3. Unsupervised Learning

  • Applications:
    • Grouping similar observations.
    • Anomaly detection.
    • Feature reduction (e.g., PCA).
    • Finding similar words (e.g., BlazingText, FastText).

4. Reinforcement Learning

  • Used for scenarios like autonomous driving and strategy games.
  • Involves learning from a mix of examples and uncertainties.

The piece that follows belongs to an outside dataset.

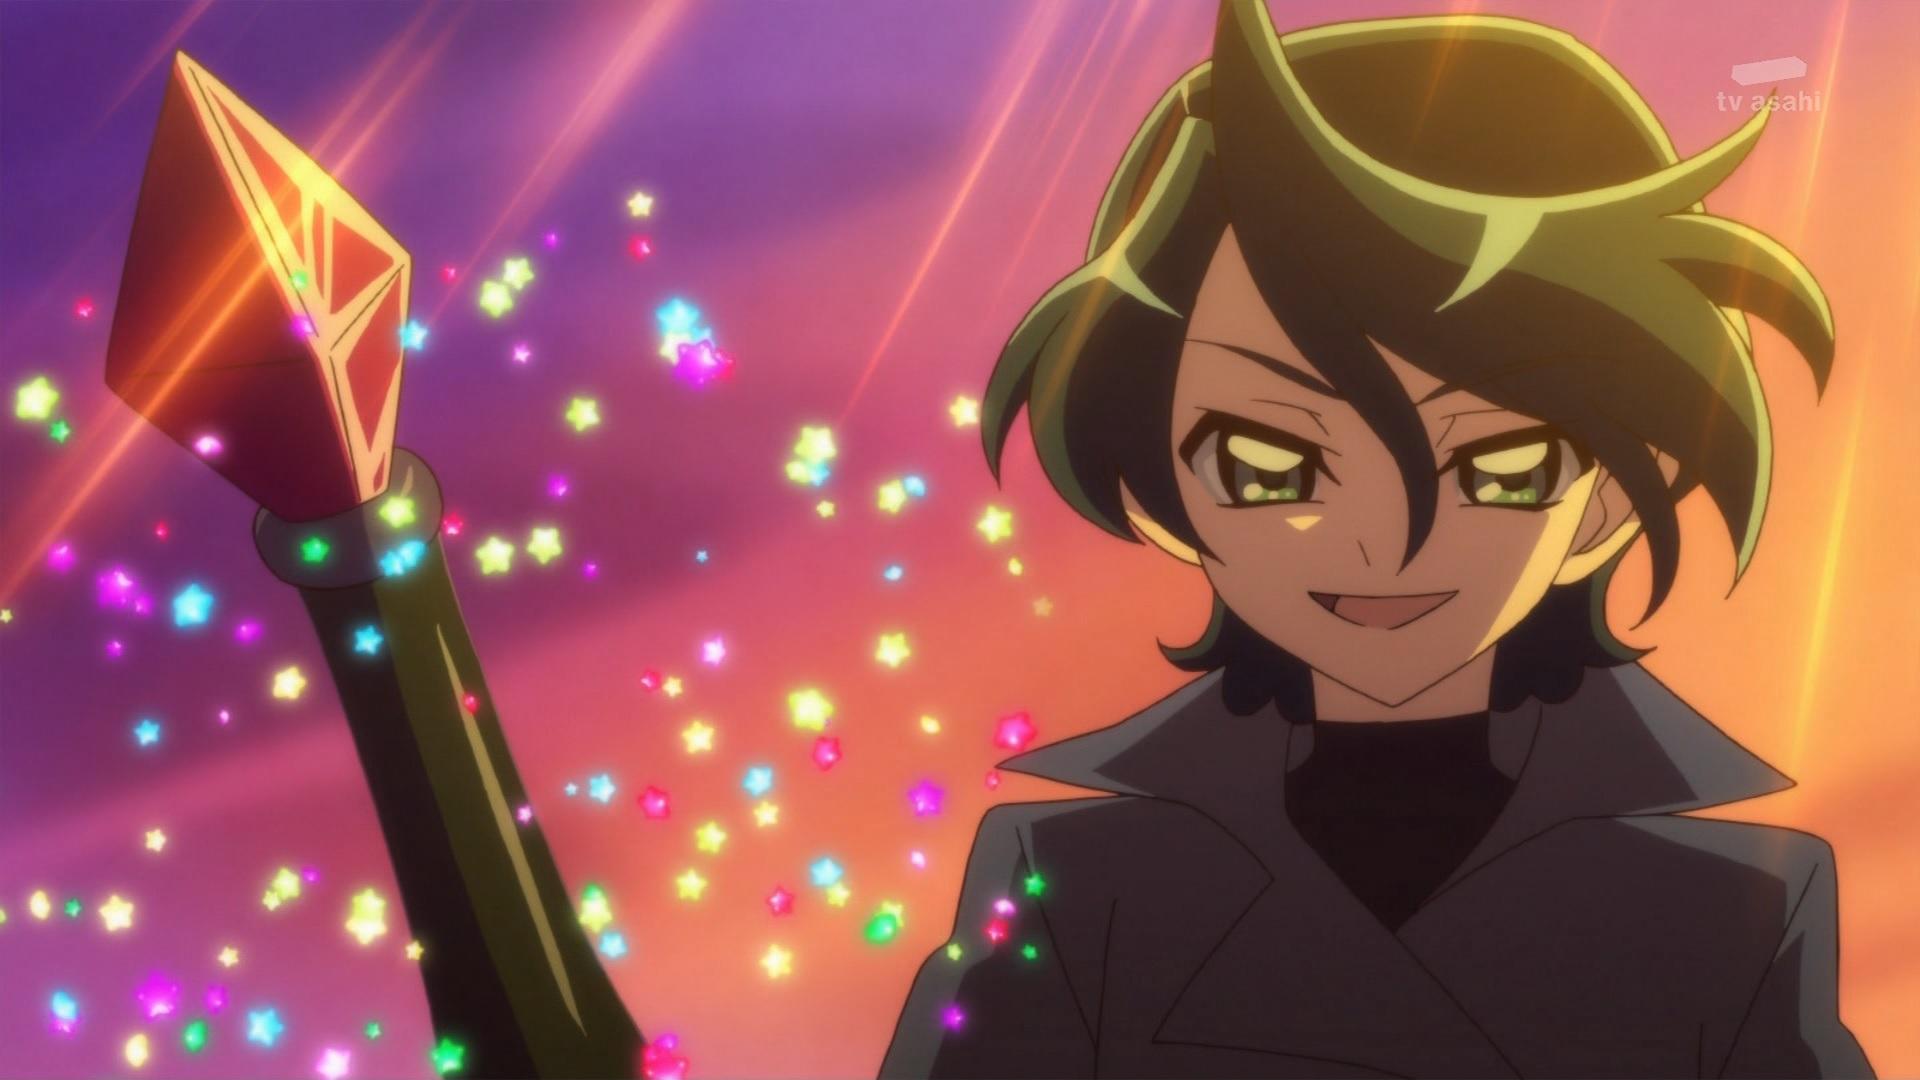 黒樹リオ(キラキラプリキュアアラモード12話画像)

Data Types - How to handle mixed data types (Lesson 24)

Categorical Values

  • Encoding: Convert text-based categories to numeric form for tree-based algorithms like XGBoost.
  • One-hot Encoding: Used for algorithms like Linear Regression, converting categories into separate columns.
  • Feature Combination: Combine features to form new ones for capturing non-linear relationships.

Text Data

  • Bag-of-Words: Tokenize text into words; each word becomes a feature.
  • NGram Transformation: Capture contiguous sequences of words to better represent meaning.
  • OSB Transformation: Similar to NGrams, but includes non-contiguous word combinations.
  • Stemming: Reduce words to their root form for consistency.
  • Case Uniformity: Convert all text to either lowercase or uppercase.
  • Punctuation Removal: Improve signal by removing punctuations.

Numeric Data

  • As-is Usage: Suitable for linear relationships.
  • Normalization: Adjust features to similar scales to prevent dominance of larger scale features.
  • Binning: Segment numeric values into bins for capturing non-linearity.